Exercise => Please restate word for word the lines of the entries below from the one with "Afghanistan resistance front" to the one with "File:Long Beach 03.jpg.", inclusive, and leave out every picture.

Dataset =>

--- --- ---

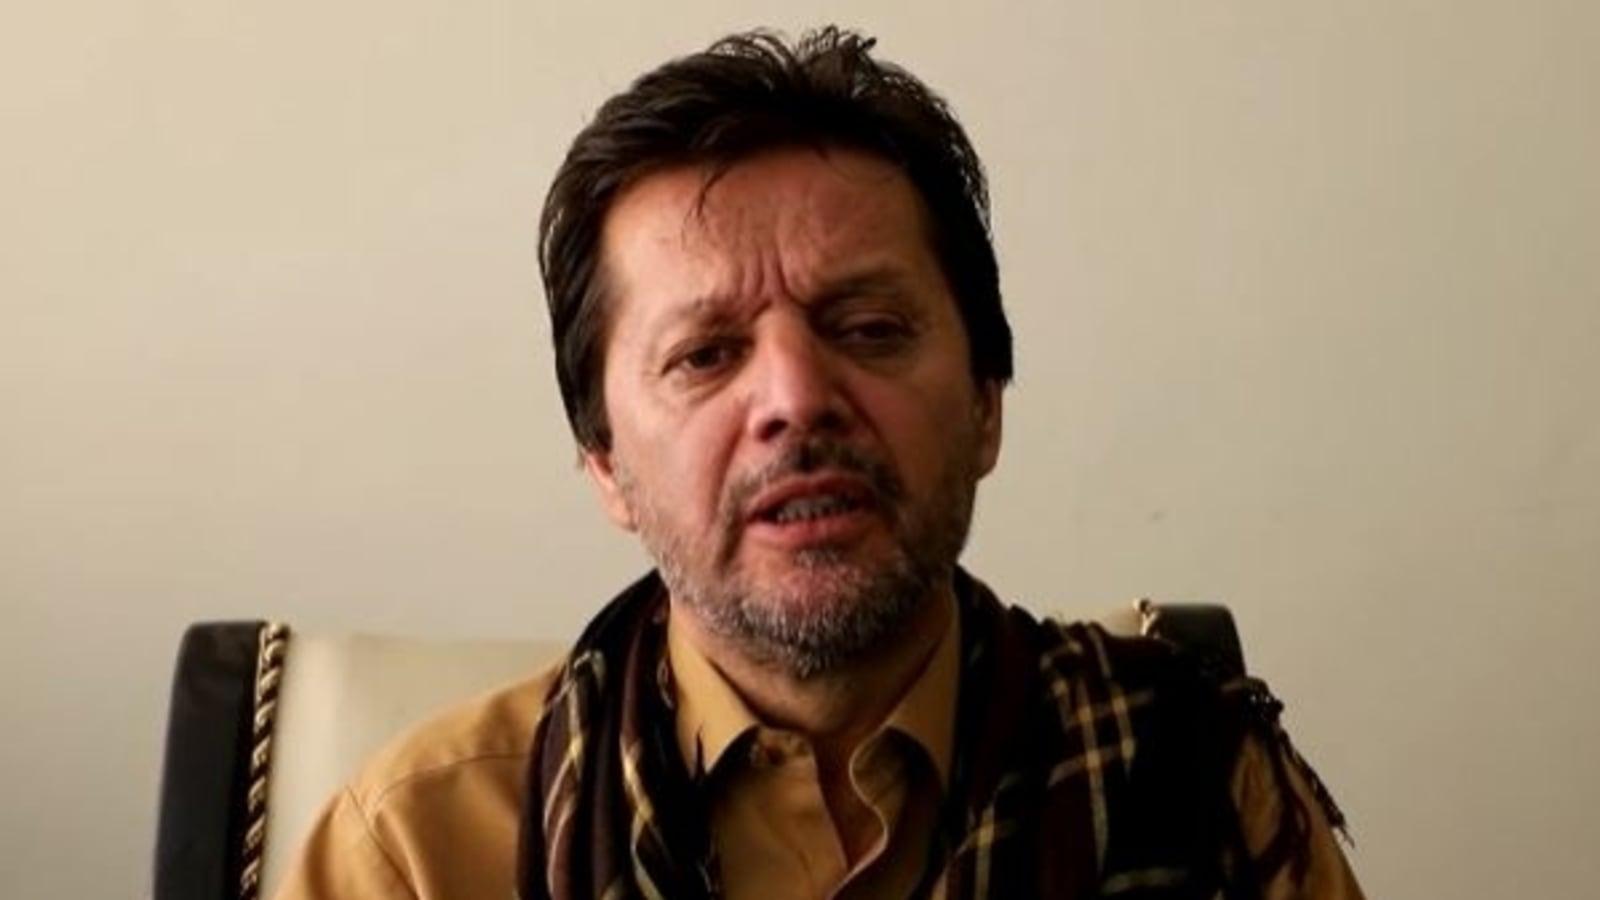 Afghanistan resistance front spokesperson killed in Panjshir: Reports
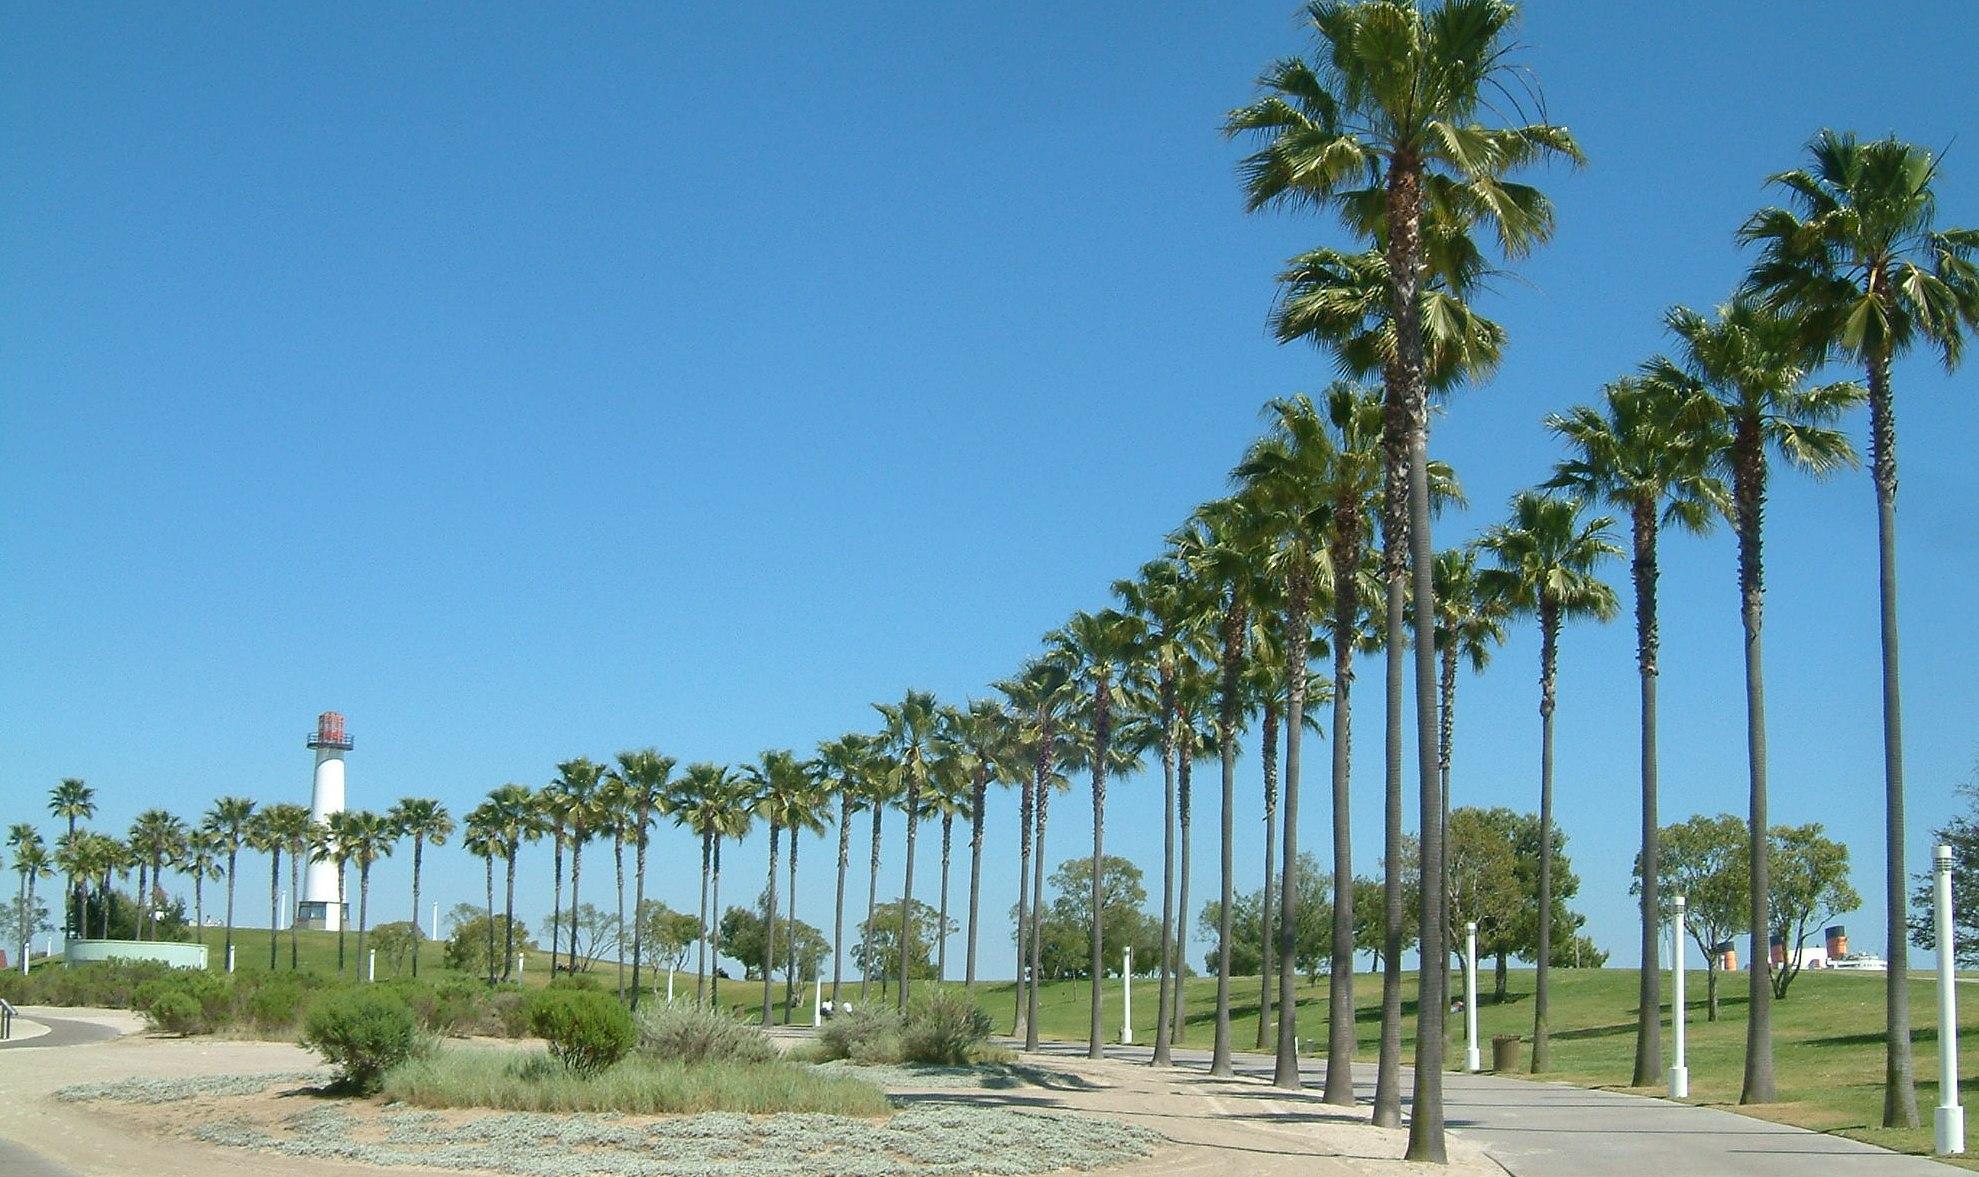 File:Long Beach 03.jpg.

--- --- ---

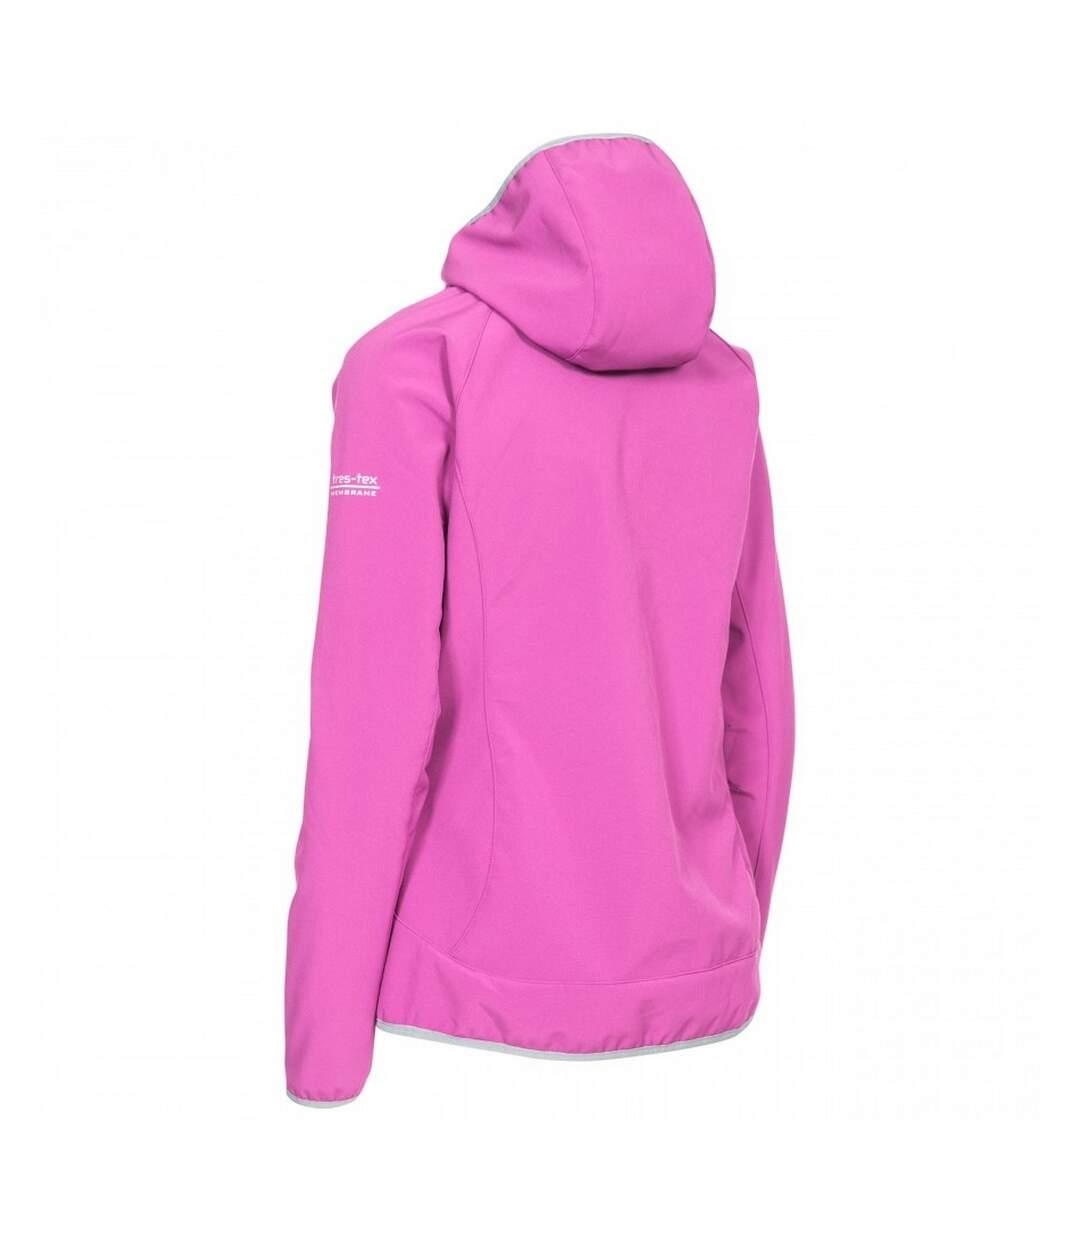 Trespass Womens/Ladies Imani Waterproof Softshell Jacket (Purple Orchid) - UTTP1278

--- --- ---

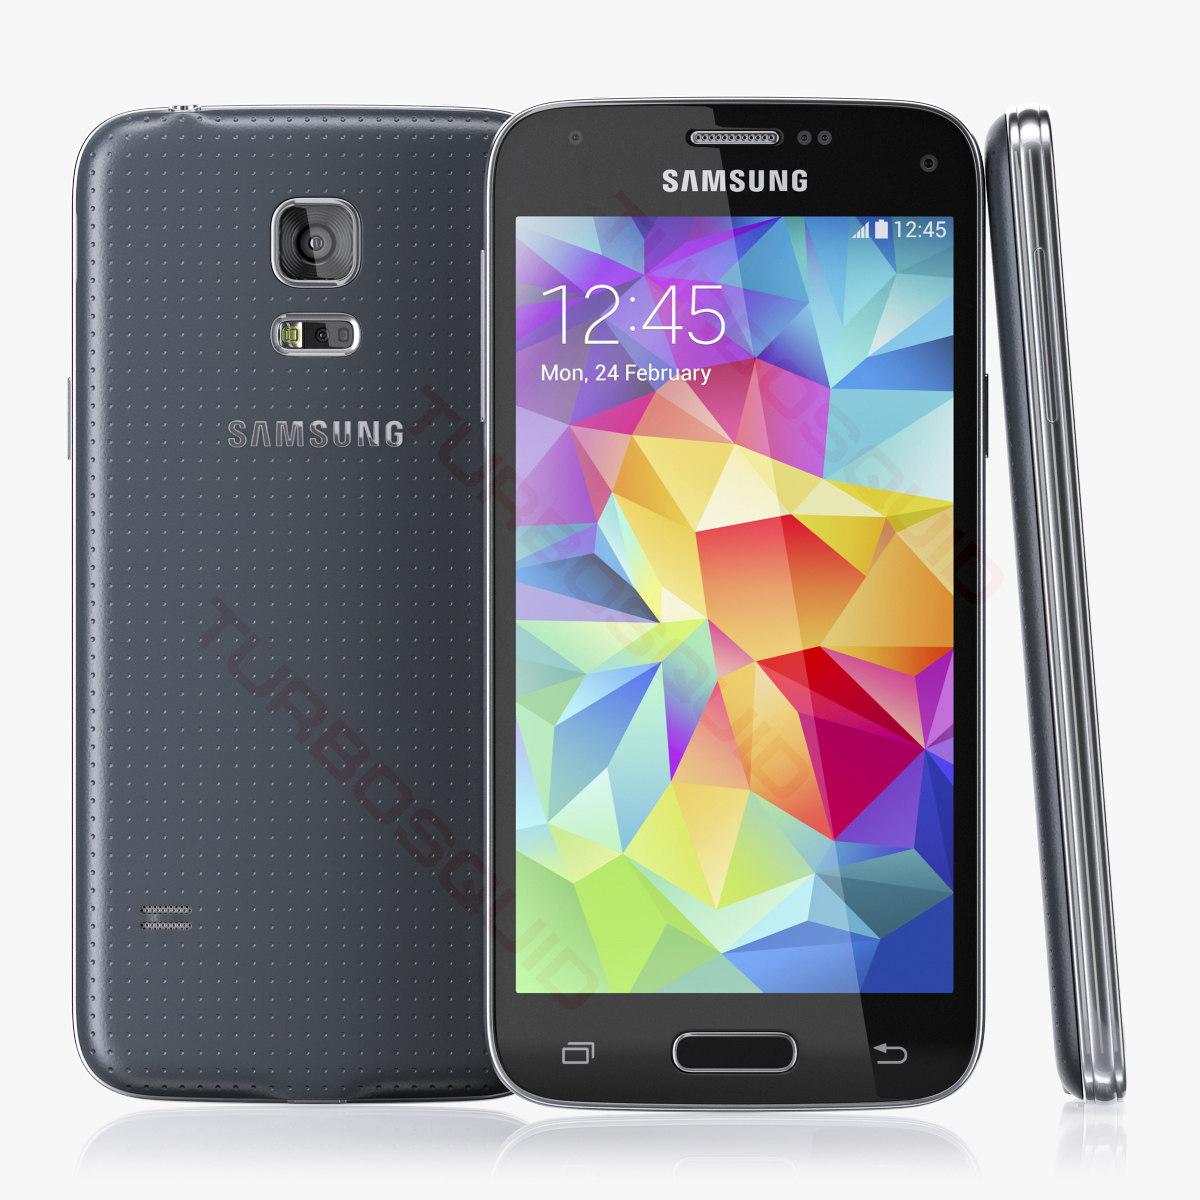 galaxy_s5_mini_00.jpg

--- --- ---

Answer for this exercise =>
 Afghanistan resistance front spokesperson killed in Panjshir: Reports
 File:Long Beach 03.jpg.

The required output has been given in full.